Prompt: Write out exactly every line from the one containing "A sheet of dough, covered in cinnamon sugar." through the final line of the material below, both included. Pictures are to be skipped.
*** Collected material
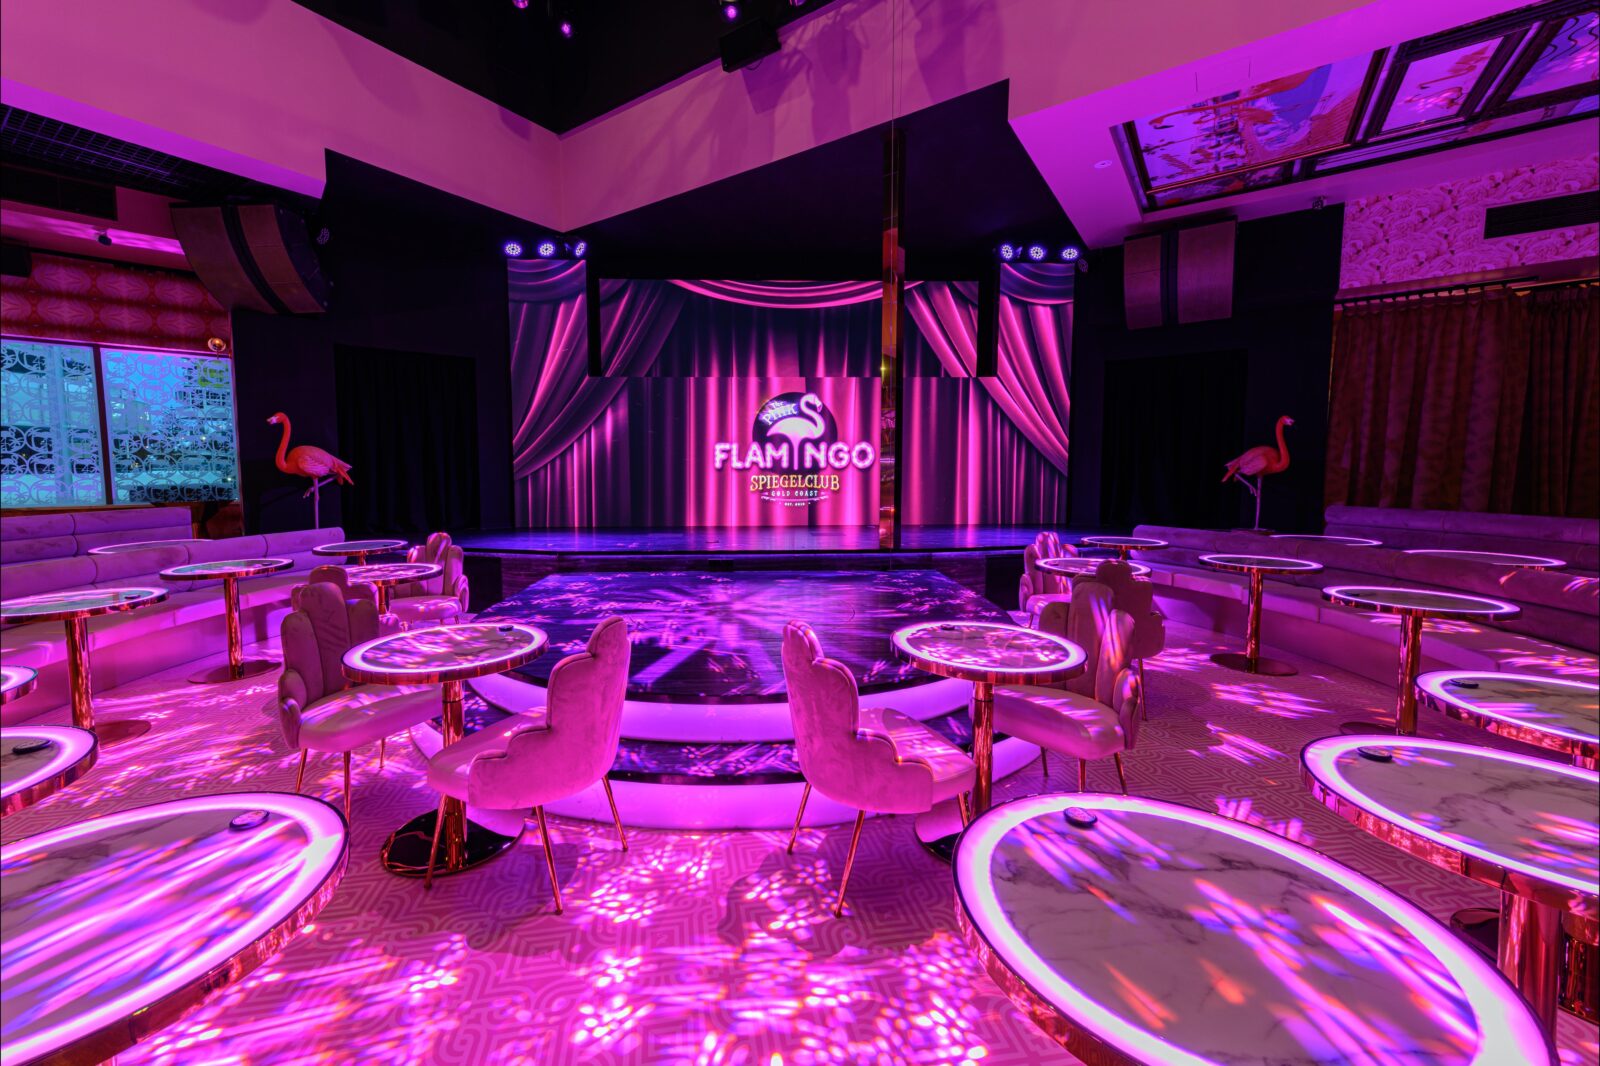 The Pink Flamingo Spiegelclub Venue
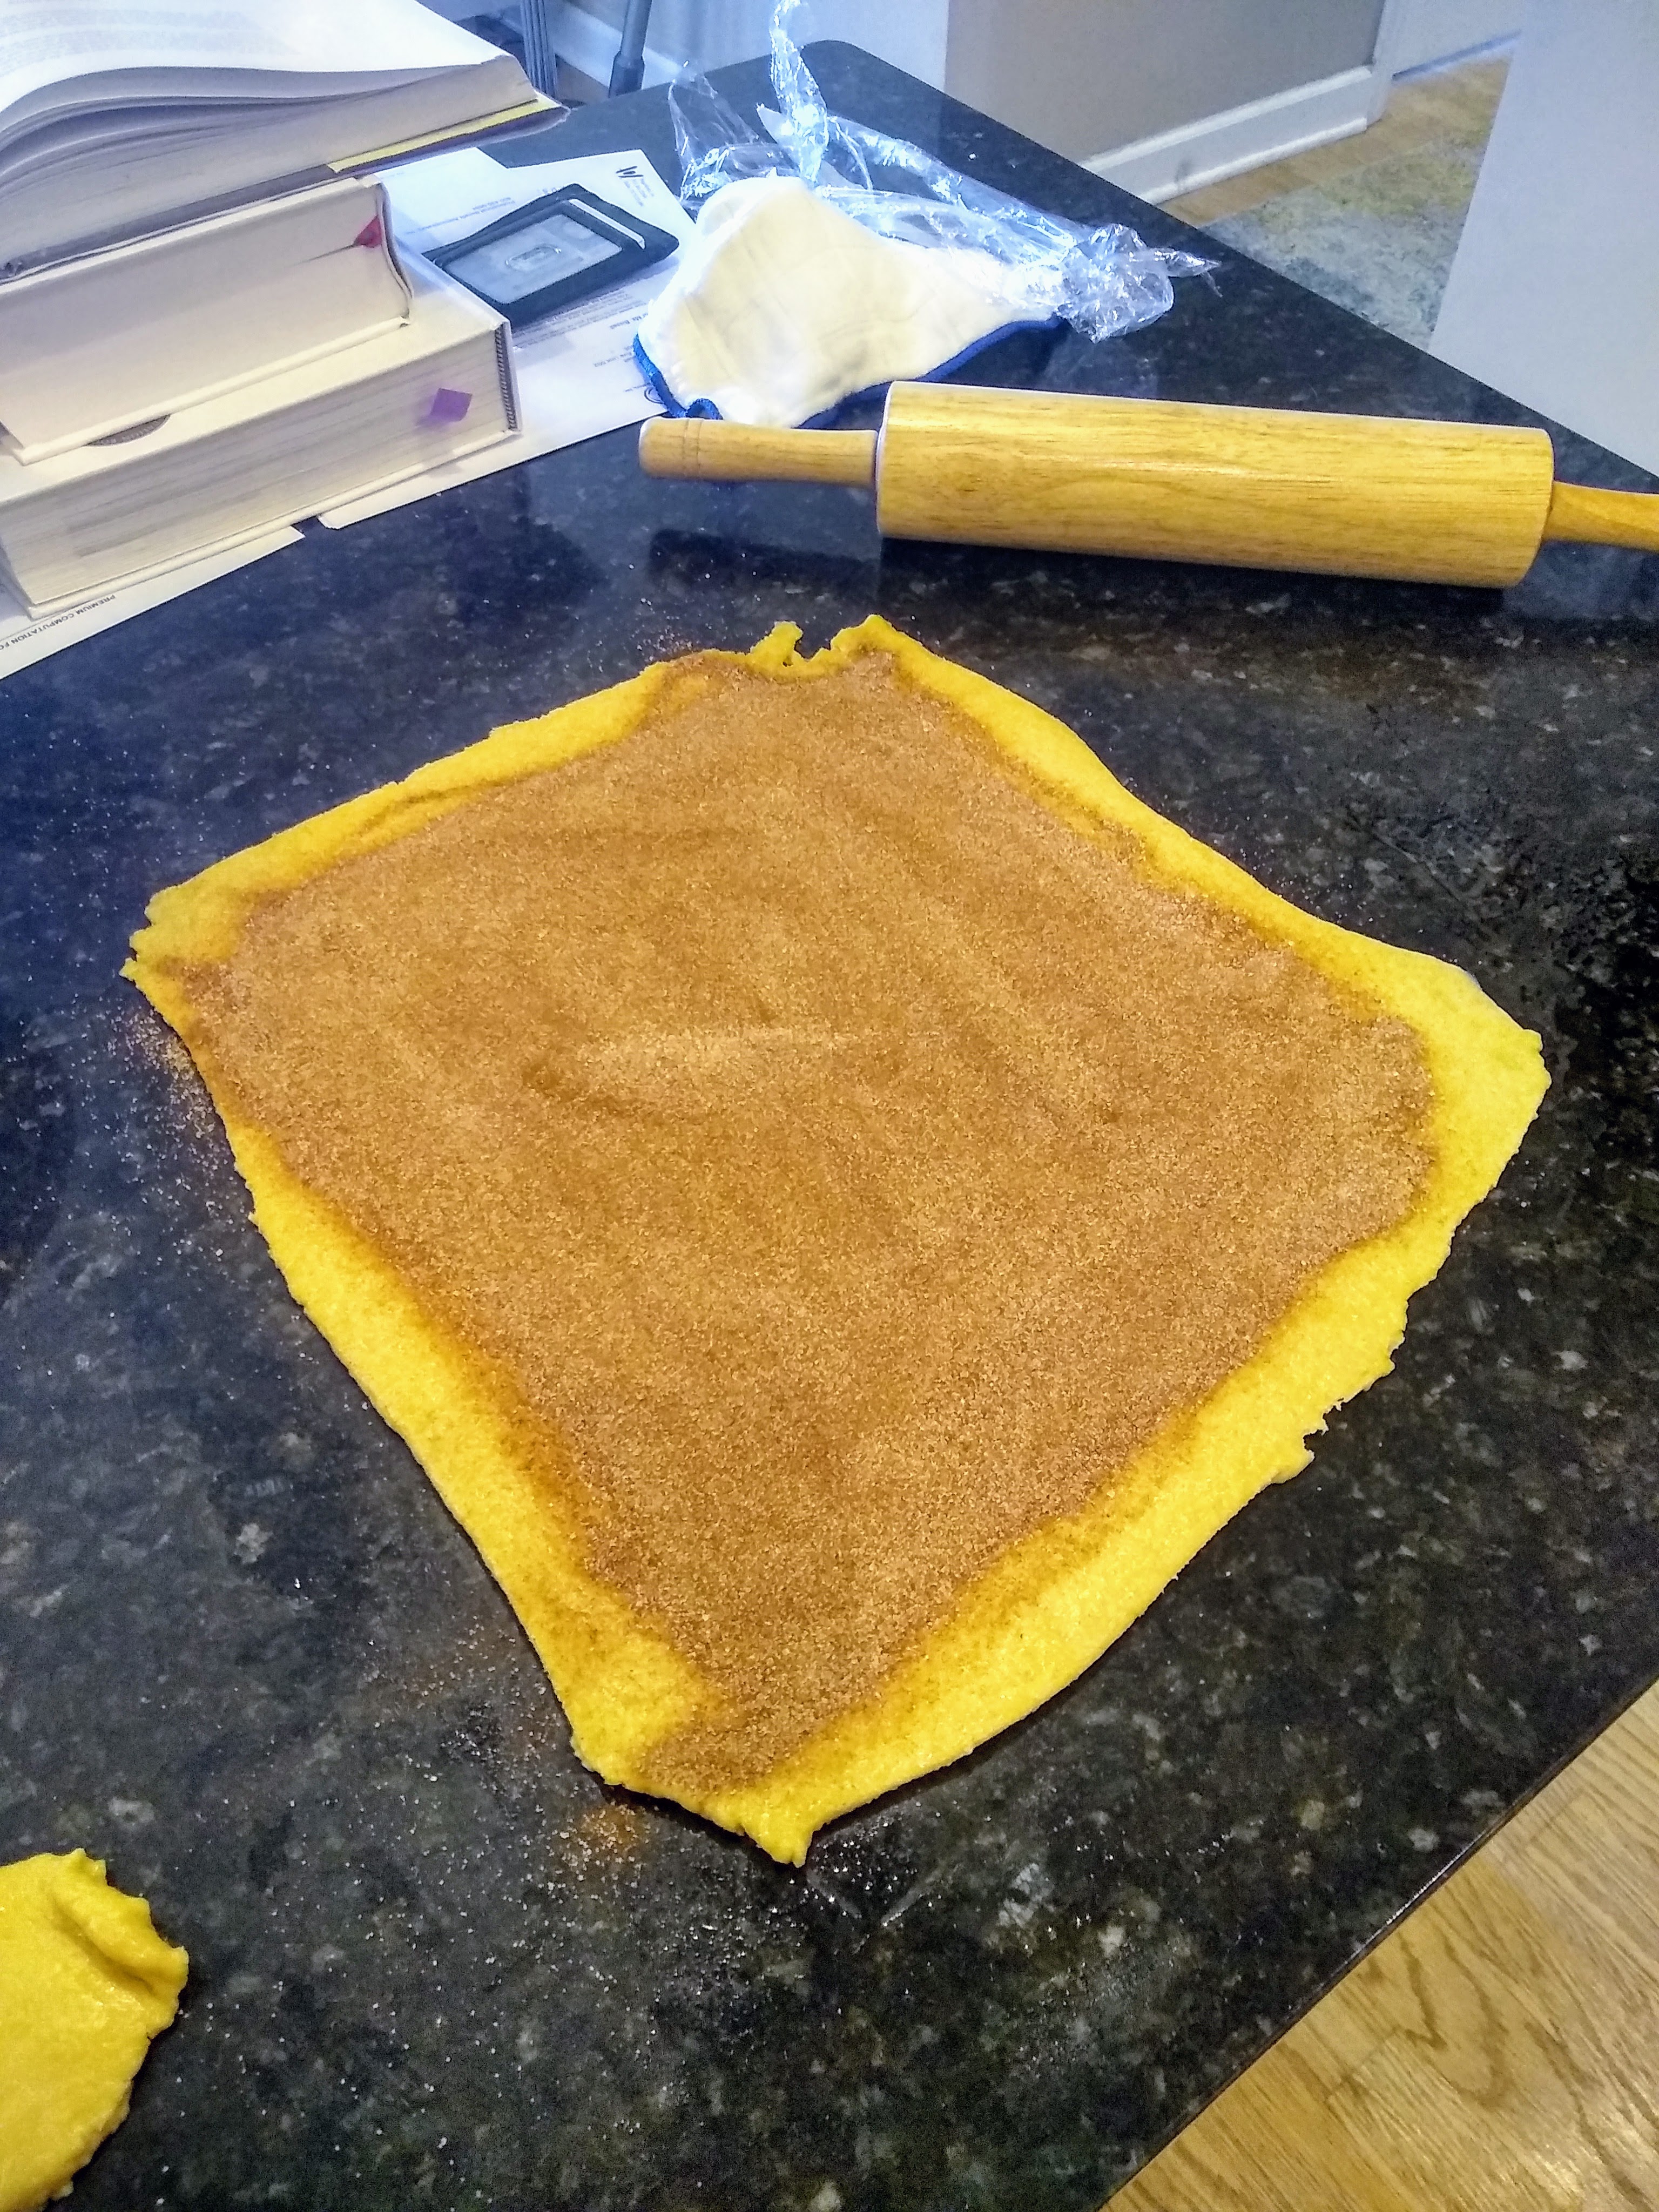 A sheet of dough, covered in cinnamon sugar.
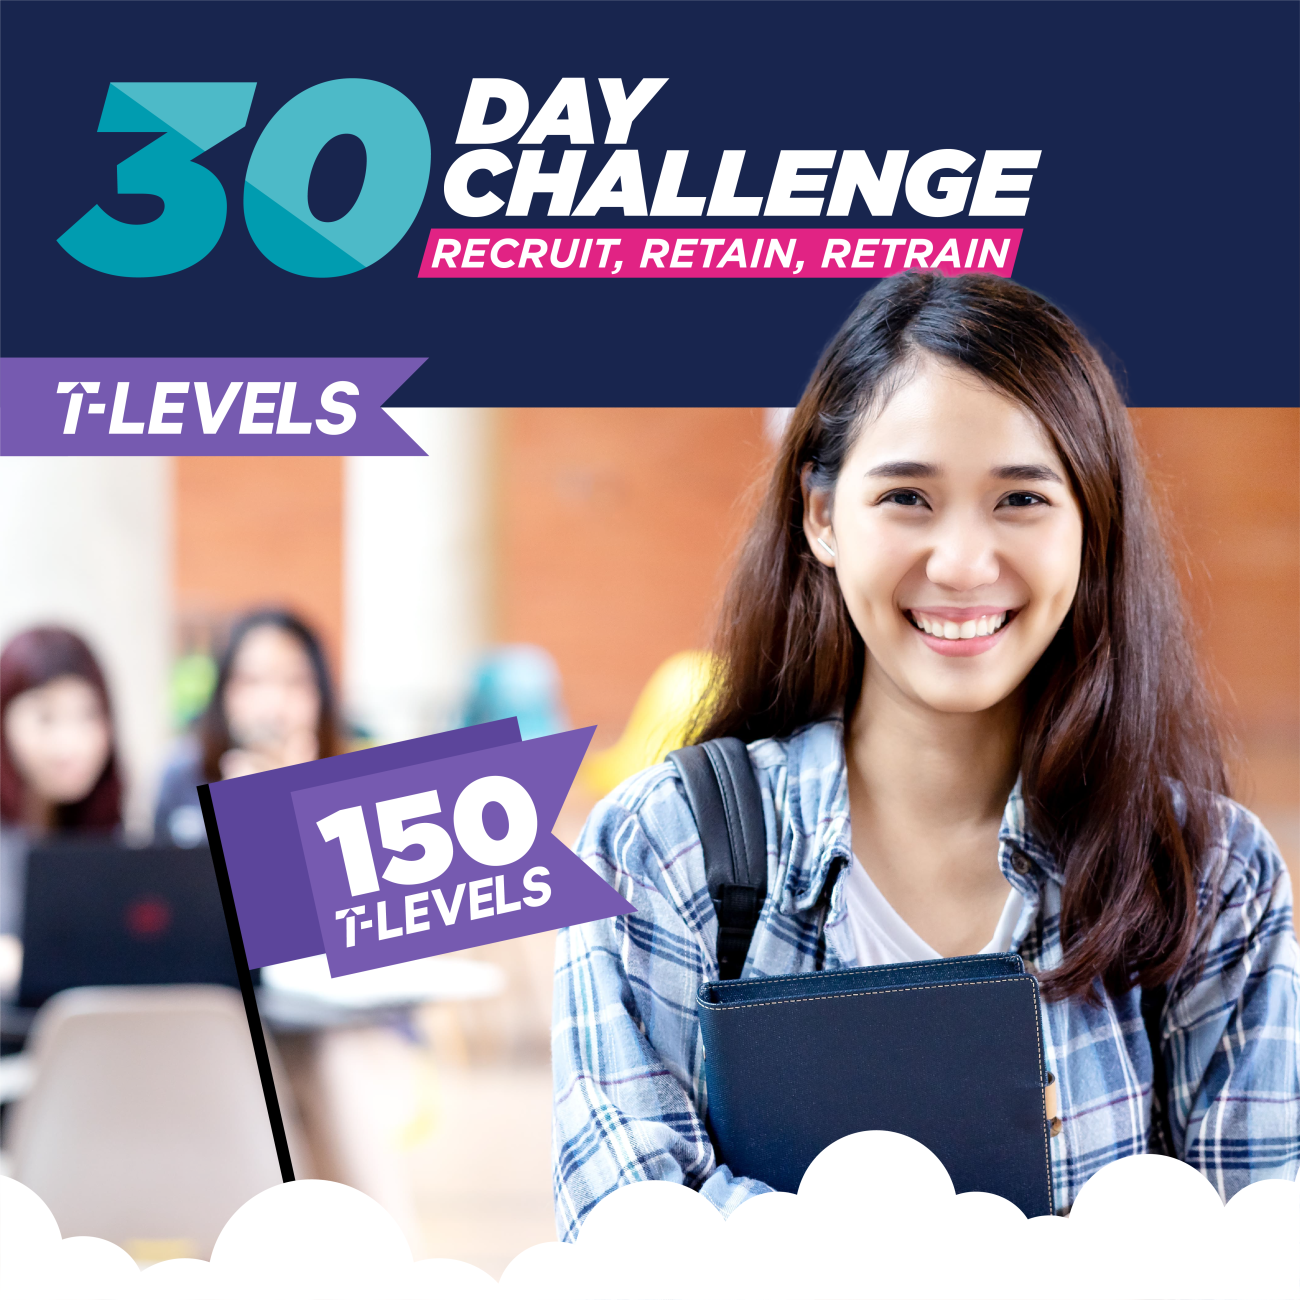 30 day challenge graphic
******
Your solution:
 A sheet of dough, covered in cinnamon sugar.
 30 day challenge graphic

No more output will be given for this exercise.